I have 'train.csv' and 'test.csv' files. The former contains 'Id', a list of features, and a 'Status' column with values in it, the 'test.csv' file contains the same columns except the 'Status' one.
My task is to train an XGboost model on the 'train.csv' file and predict binary outcome of 'Status' for the 'test.csv' file, then to save 'Id' and 'Status' to a separate csv file for submission.
I am able to train XGboost on the 'train' file, and the roc_auc score is pretty good (above 0.8). I have spent hours searching the internet how to make predictions for the 'test' file and save them to the 'submission' file. To my surprise, and although this is quite a common task, I couldn't find any scripts that would reliably perform the operations described above.

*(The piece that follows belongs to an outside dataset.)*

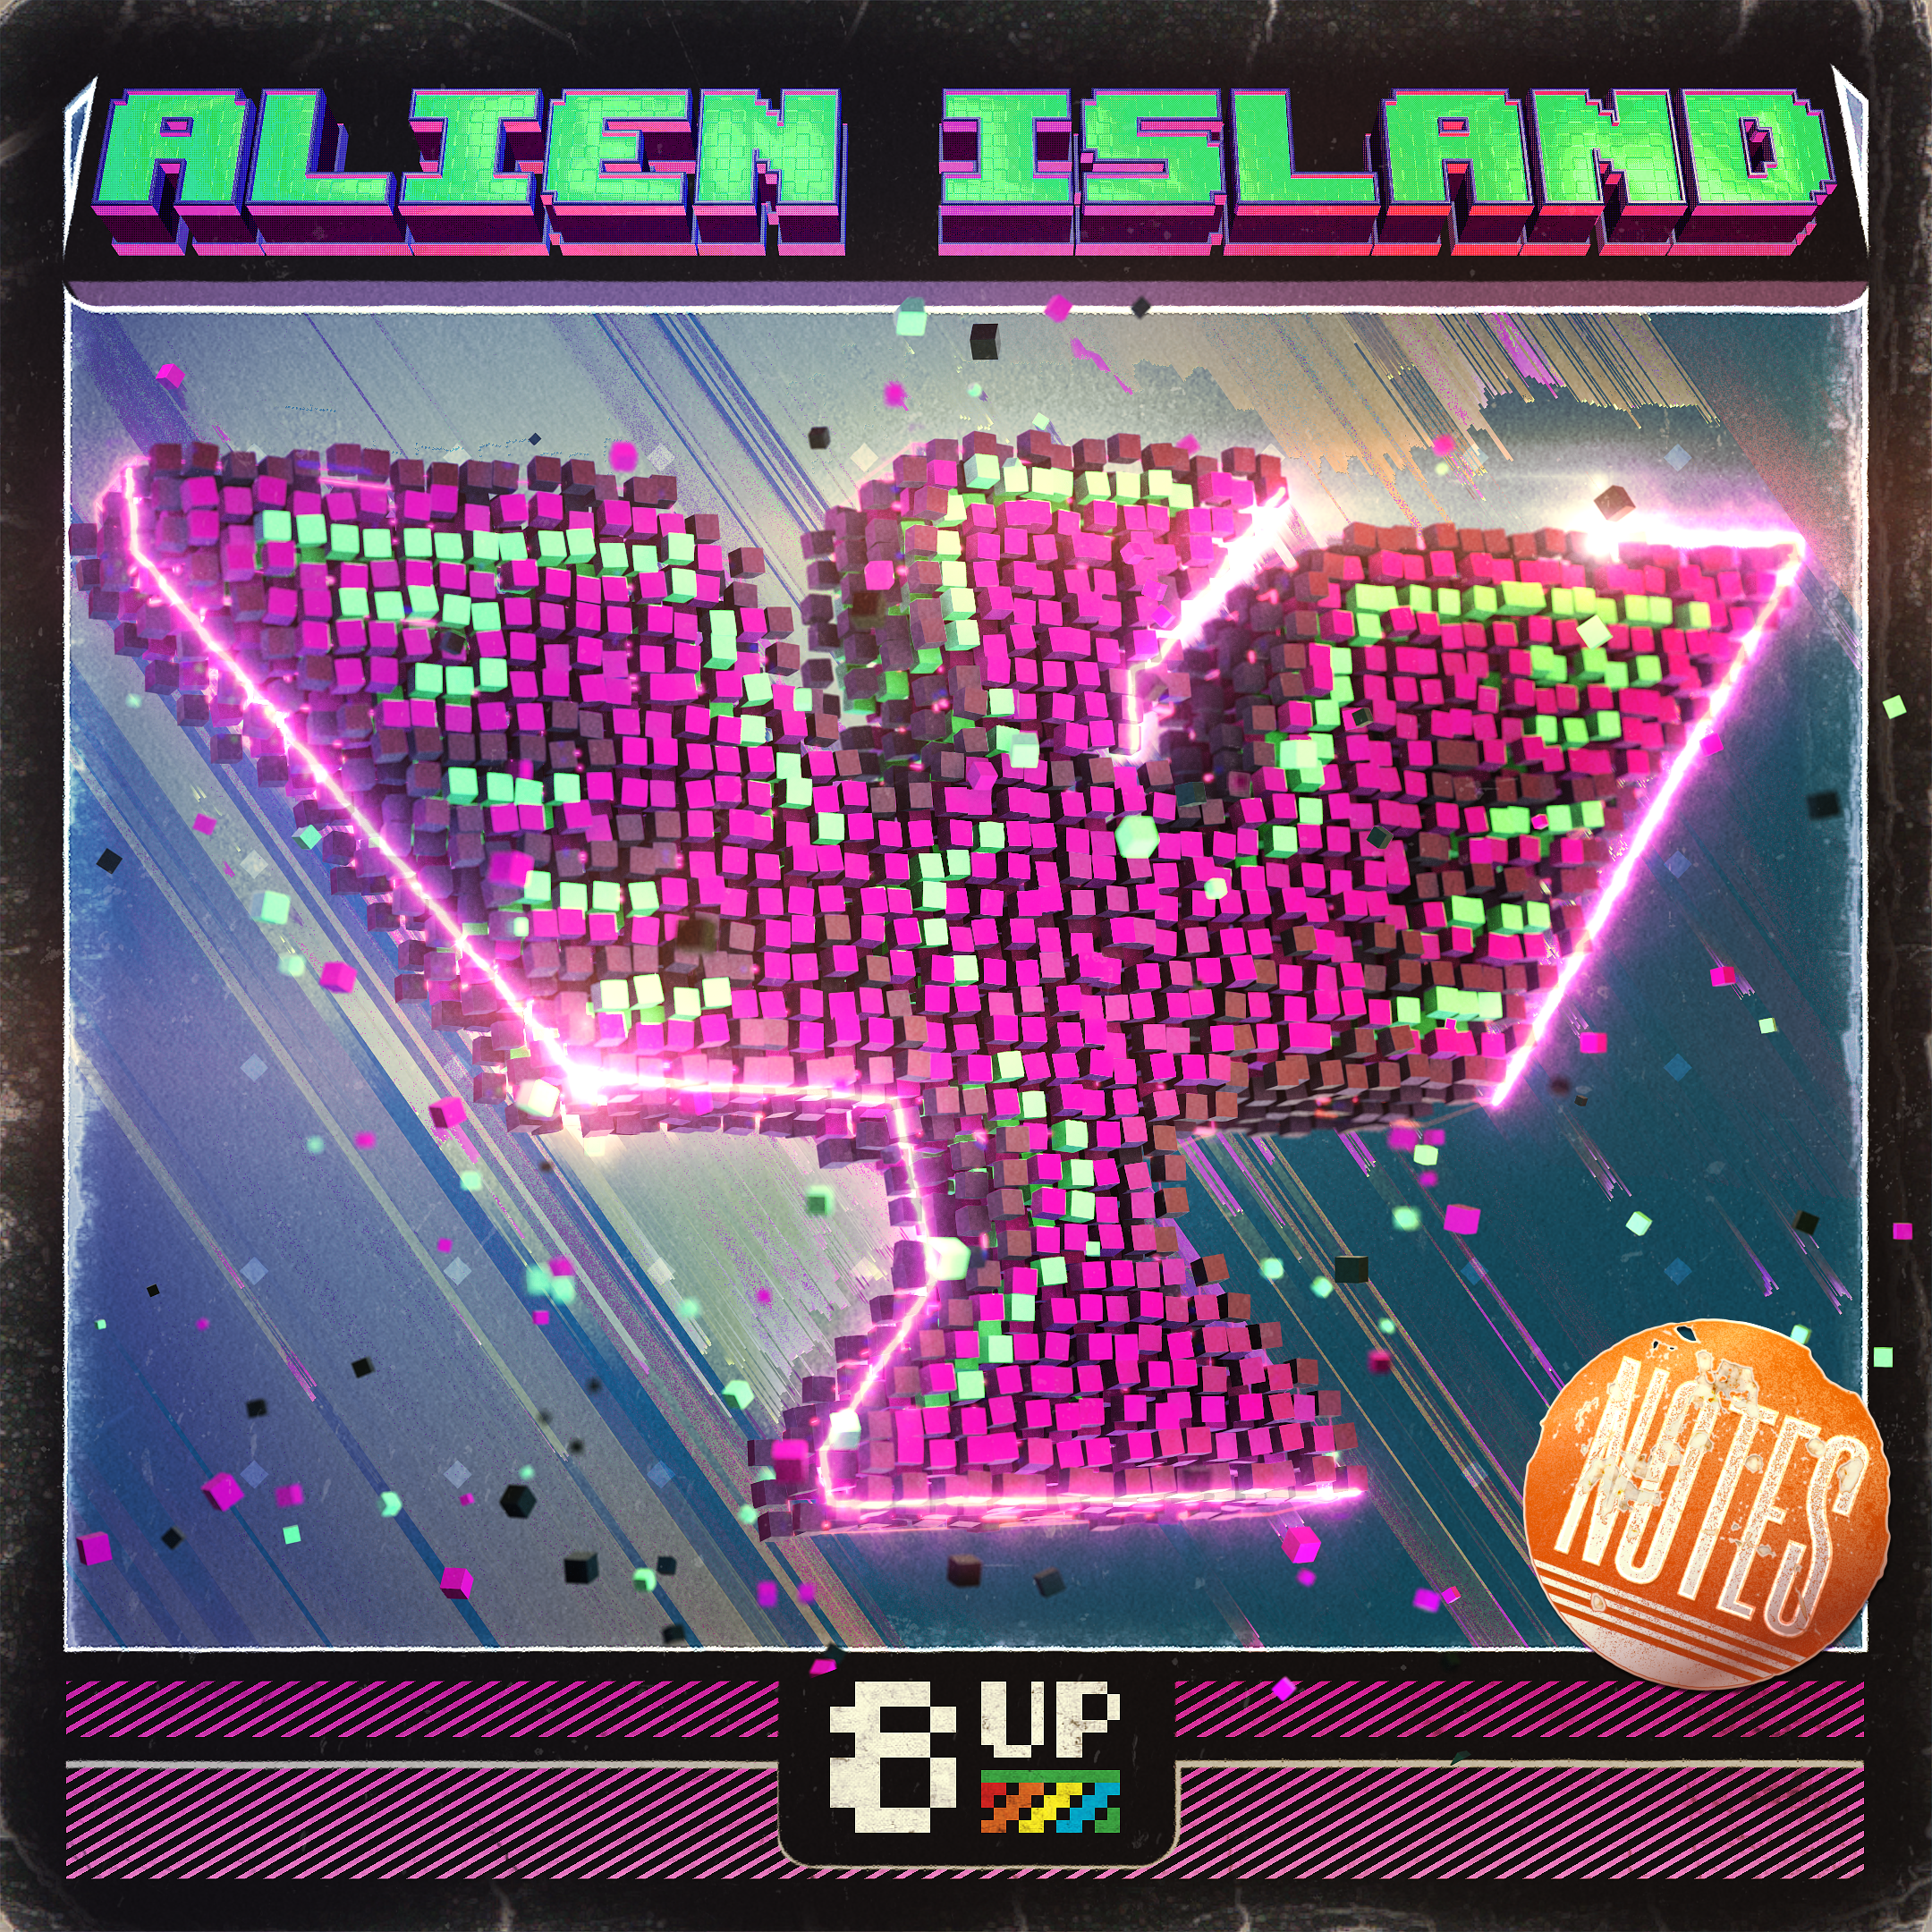 Alien Island Notes Packshot by 8UP

My working code for the 'train.csv' file just in case:
predict = pd.read_csv("train.csv")
predictors =['par48','par52','par75','par82','par84','par85','par86','par87','par89','par108','par109','par132','par156','par165','par167','par175','par190','par197']
X, y = predict[predictors], predict['Status']
X_train, X_test, y_train, y_test= train_test_split(X, y, test_size=0.2, random_state=123)
xg_cl=xgb.XGBClassifier(objective='binary:logistic',n_estimators=10,seed=123)
xg_cl.fit(X_train, y_train)
preds=xg_cl.predict(X_test)
accuracy = float(np.sum(preds==y_test))/y_test.shape[0]
print("accuracy: %f" % (accuracy))
print(xg_cl.feature_importances_)
print(roc_auc_score(y_test, xg_cl.predict_proba(X_test)[:,1]))
Do you have a working code to share? Thanks!